» Try it: Transcribe the listing exactly, skipping every picture.
Start of Exercise data
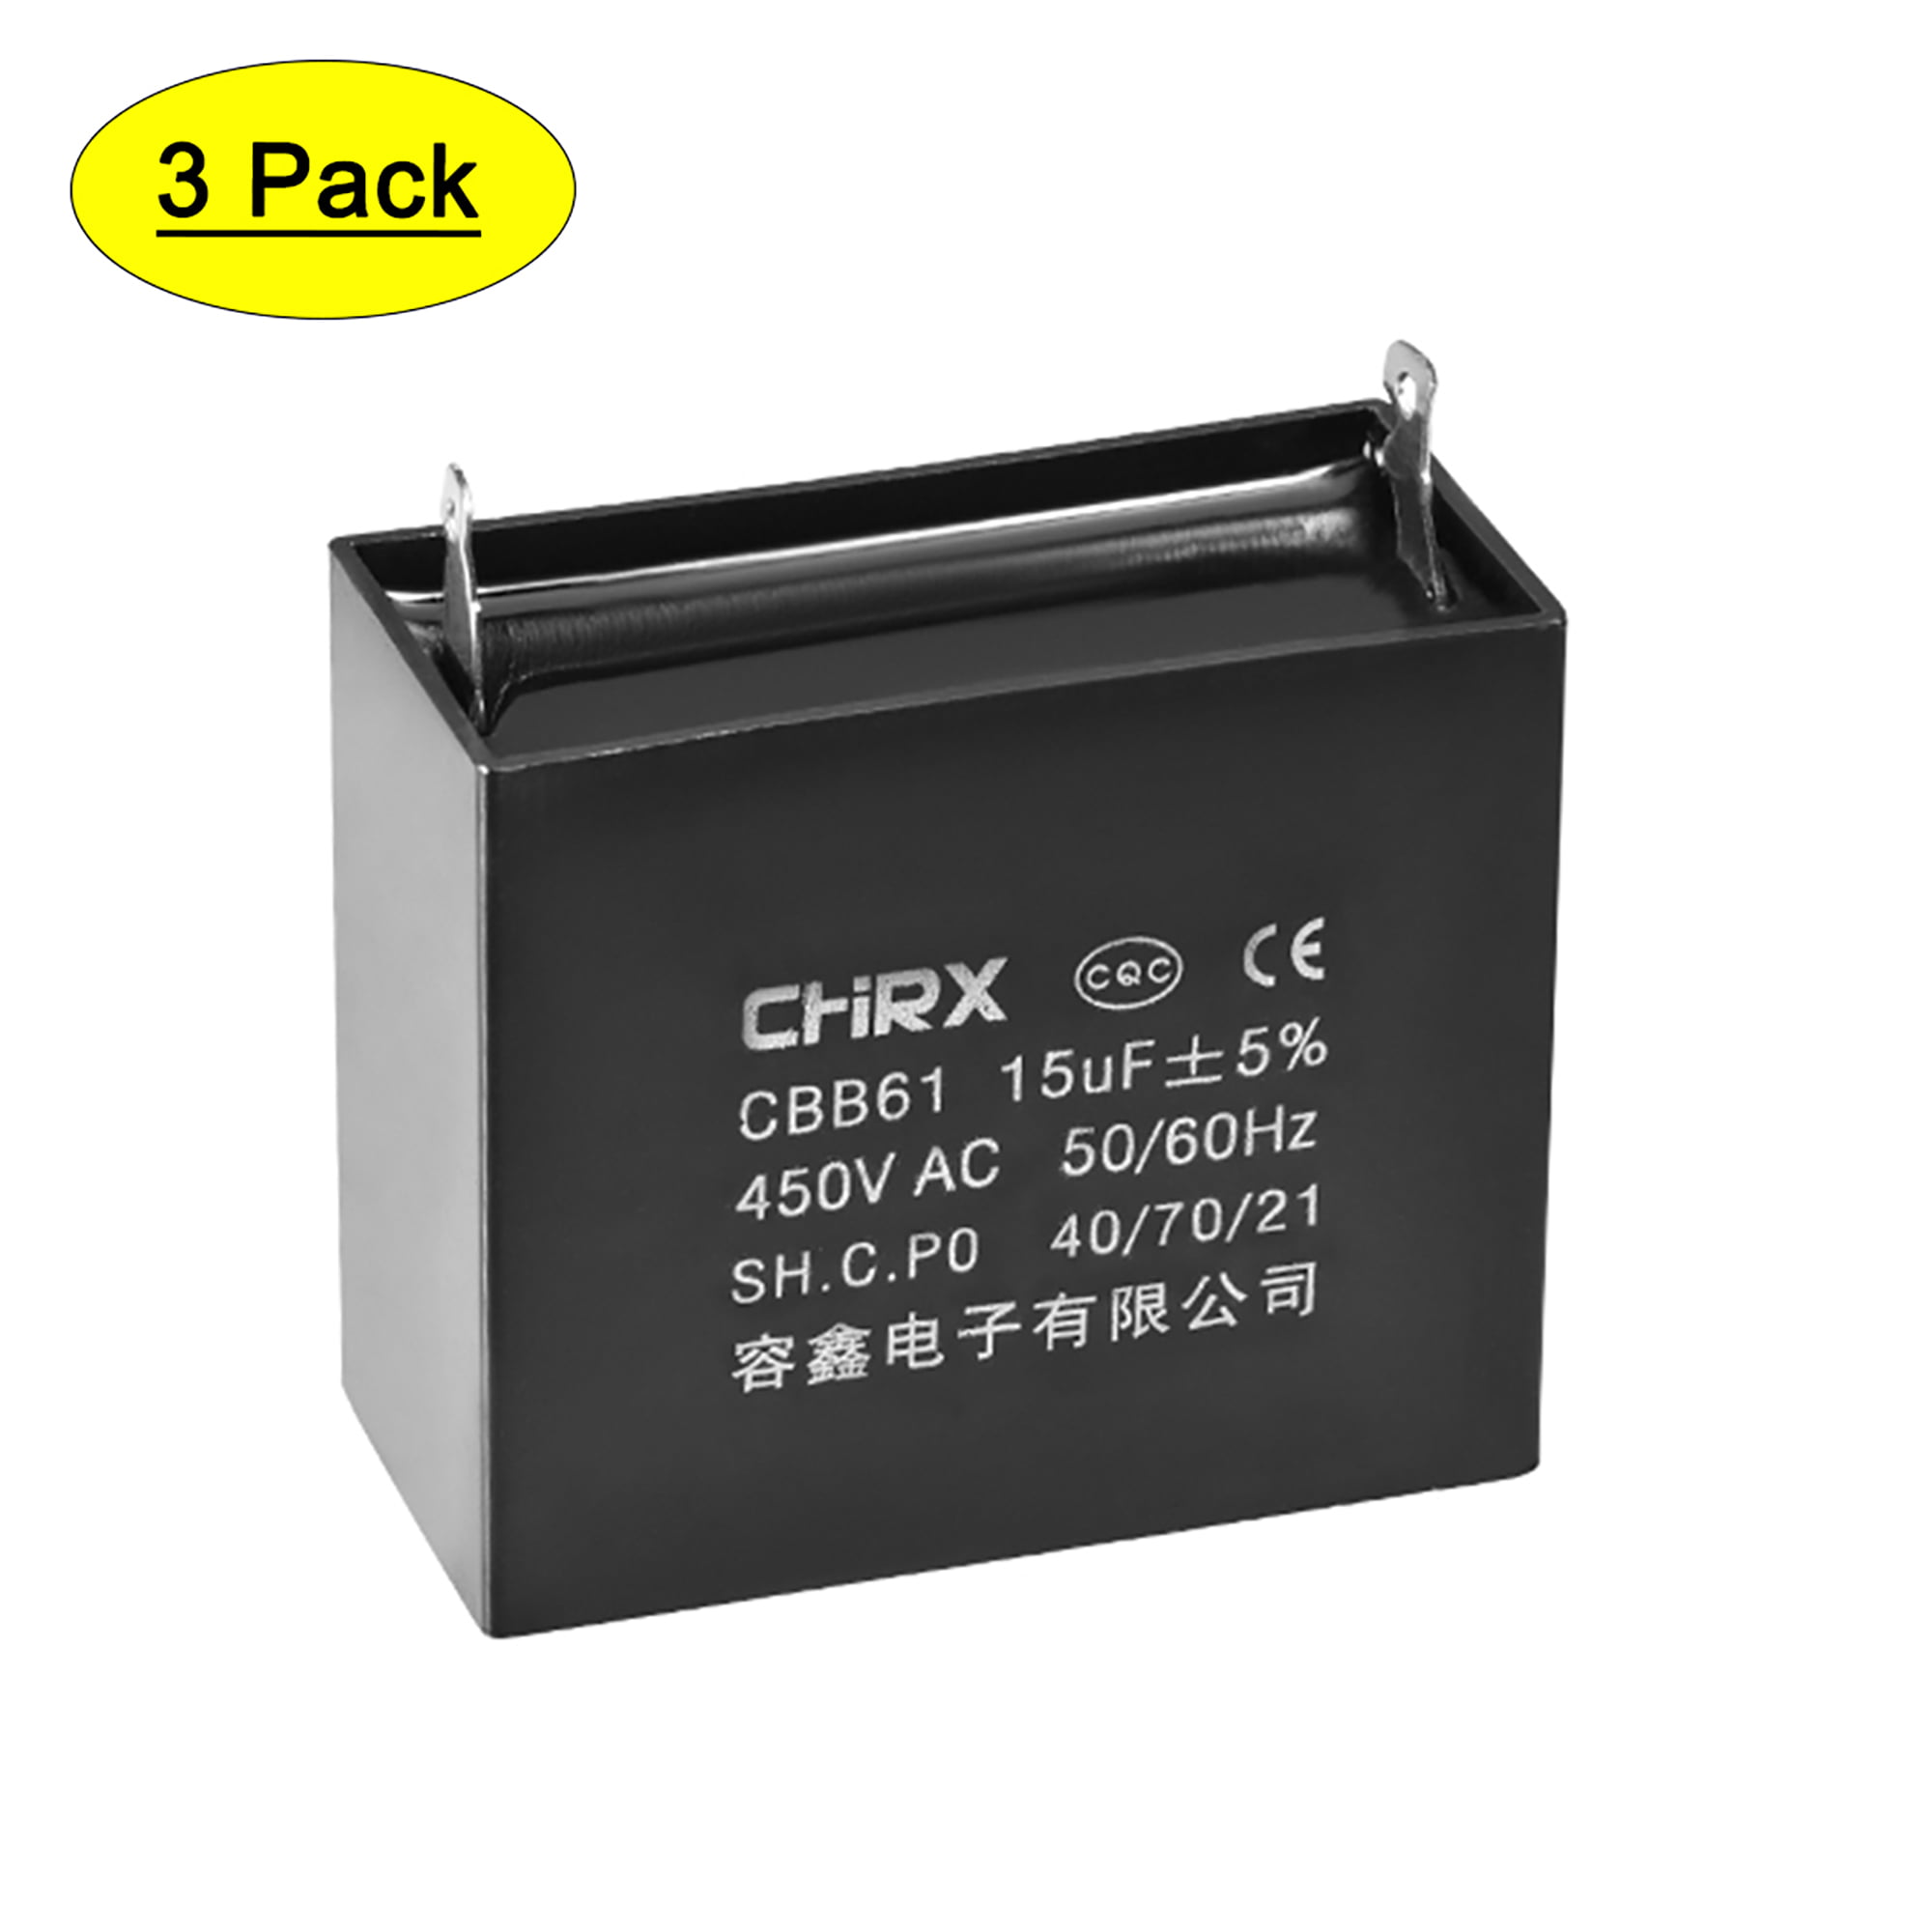 uxcell CBB61 Run Capacitor 450V AC 10uF 2 Insert Metallized Polypropylene Film Capacitors for Ceiling Fan 
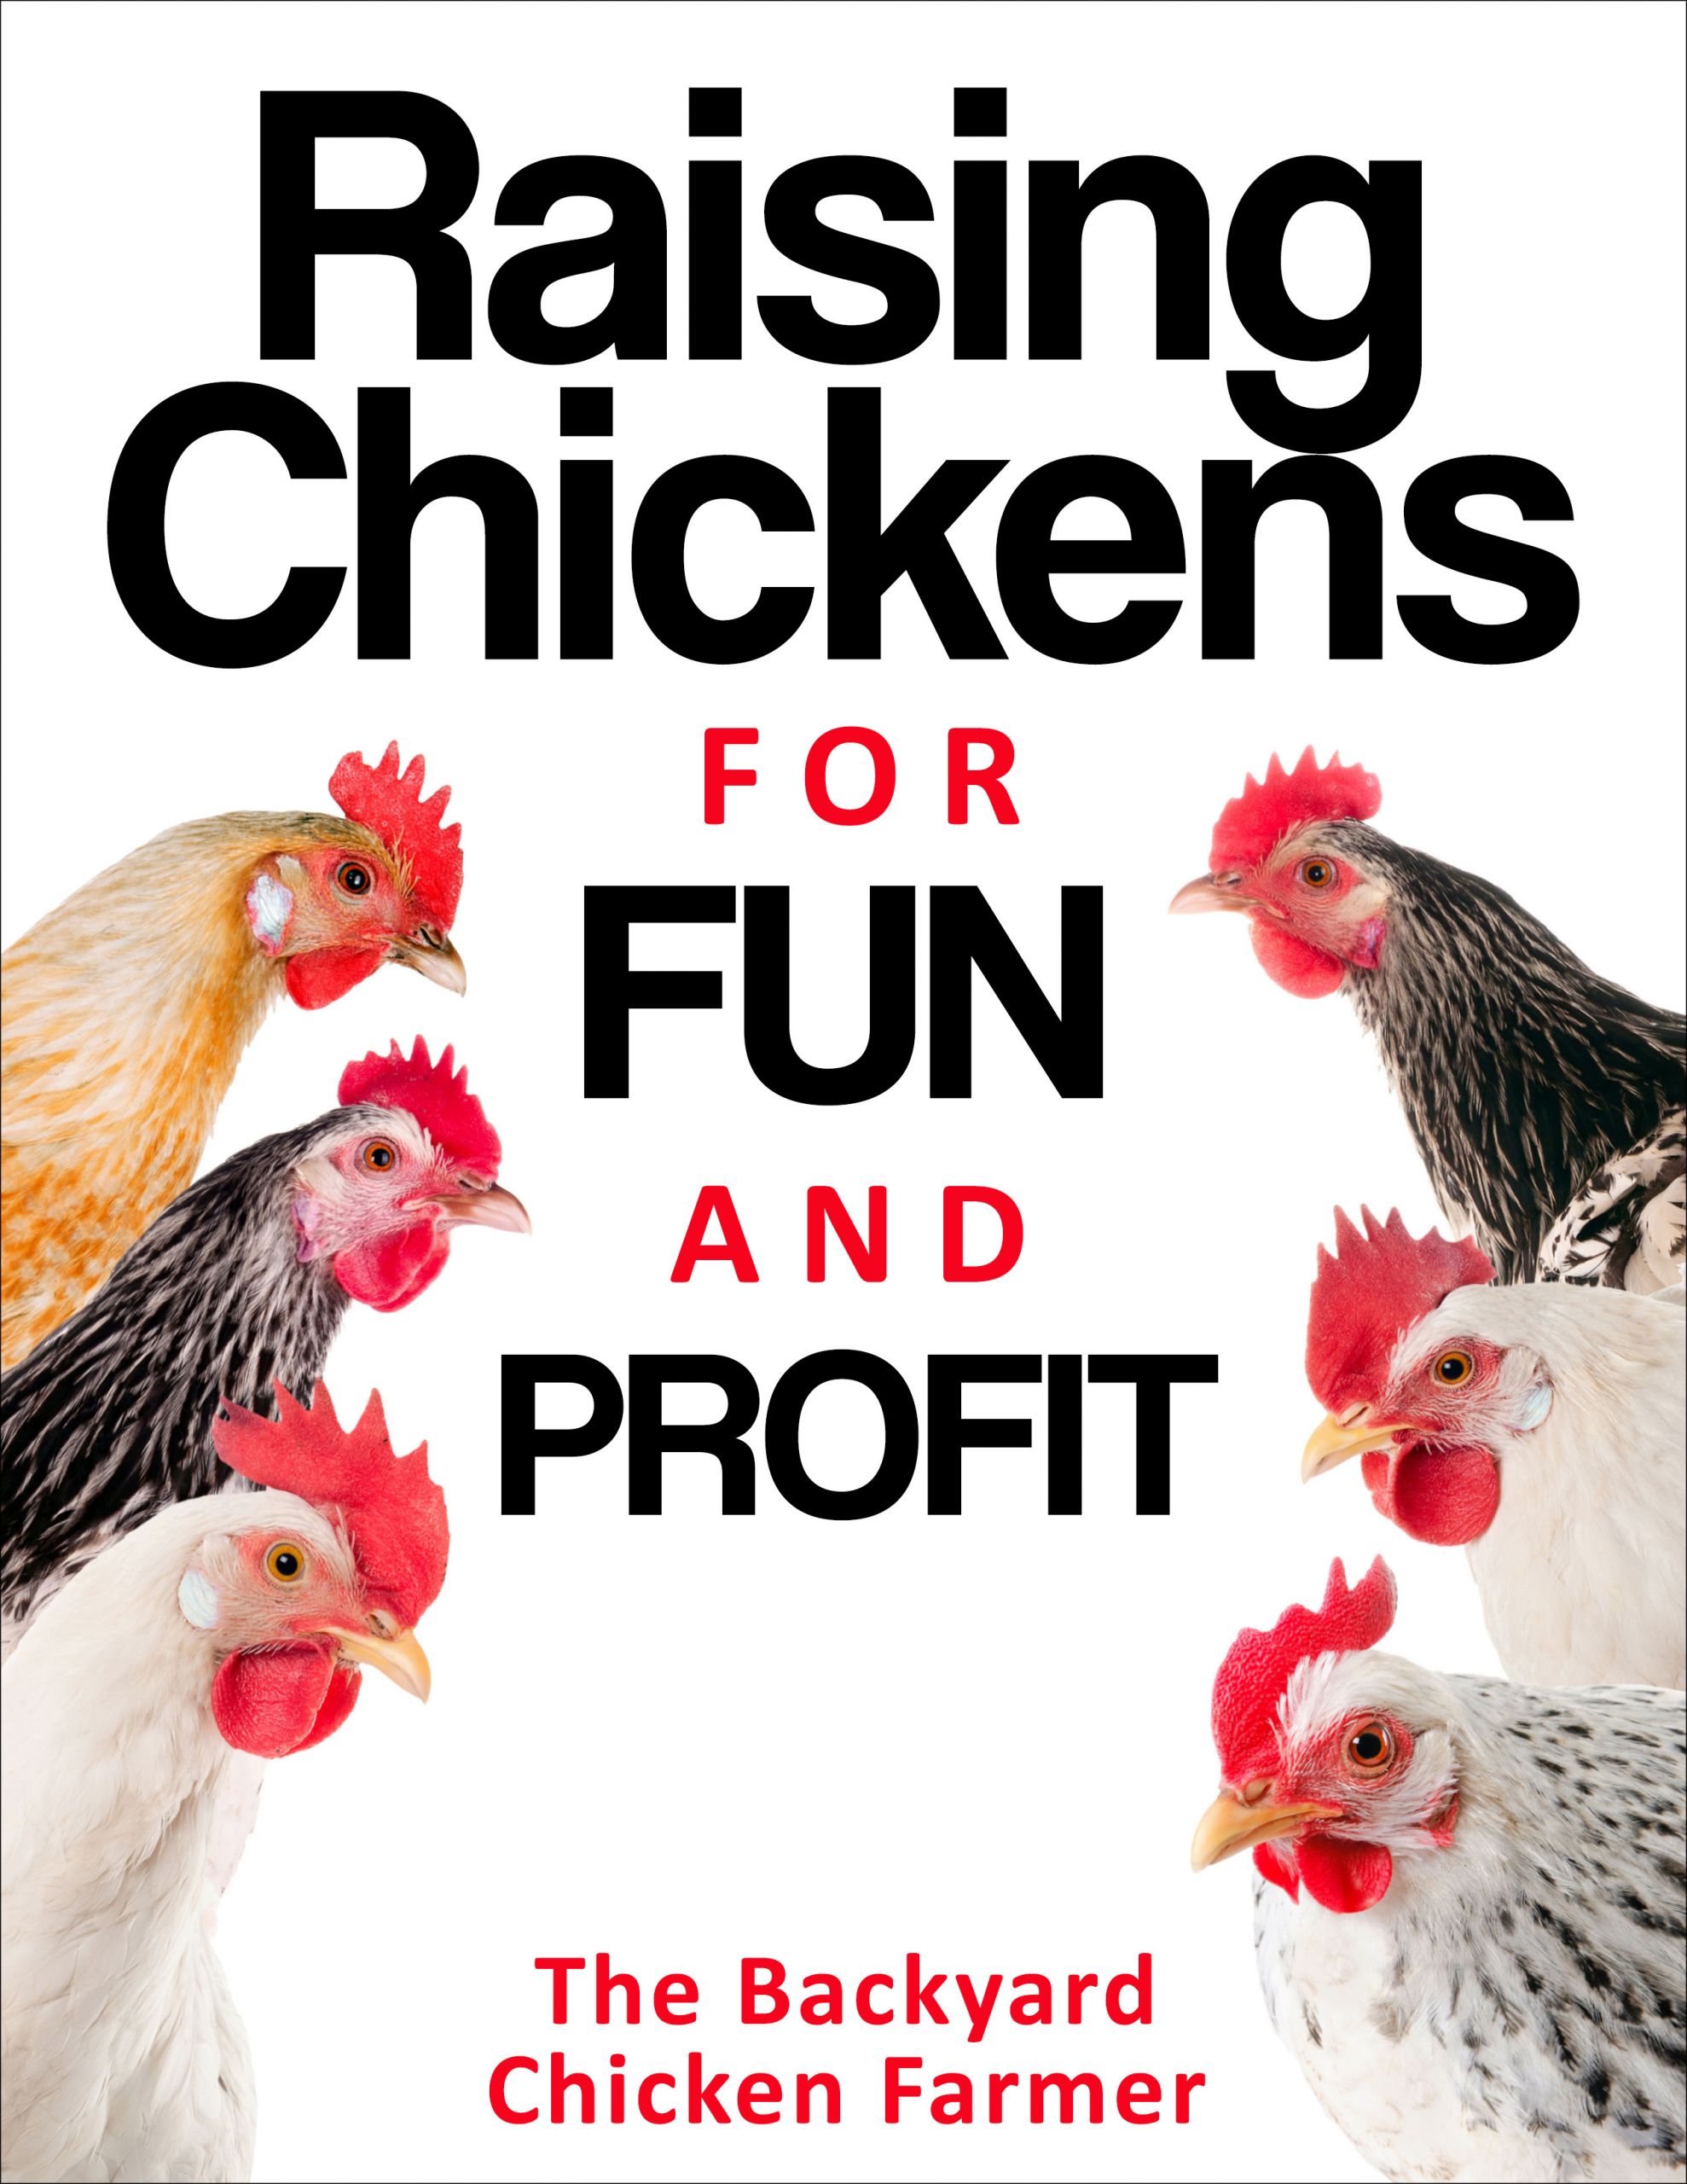 Backyard Chickens Breeds
 Raising Chickens for Fun and Profit The Backyard Chicken
End of Exercise data
» Solution to this task:
 uxcell CBB61 Run Capacitor 450V AC 10uF 2 Insert Metallized Polypropylene Film Capacitors for Ceiling Fan 
 Backyard Chickens Breeds
 Raising Chickens for Fun and Profit The Backyard Chicken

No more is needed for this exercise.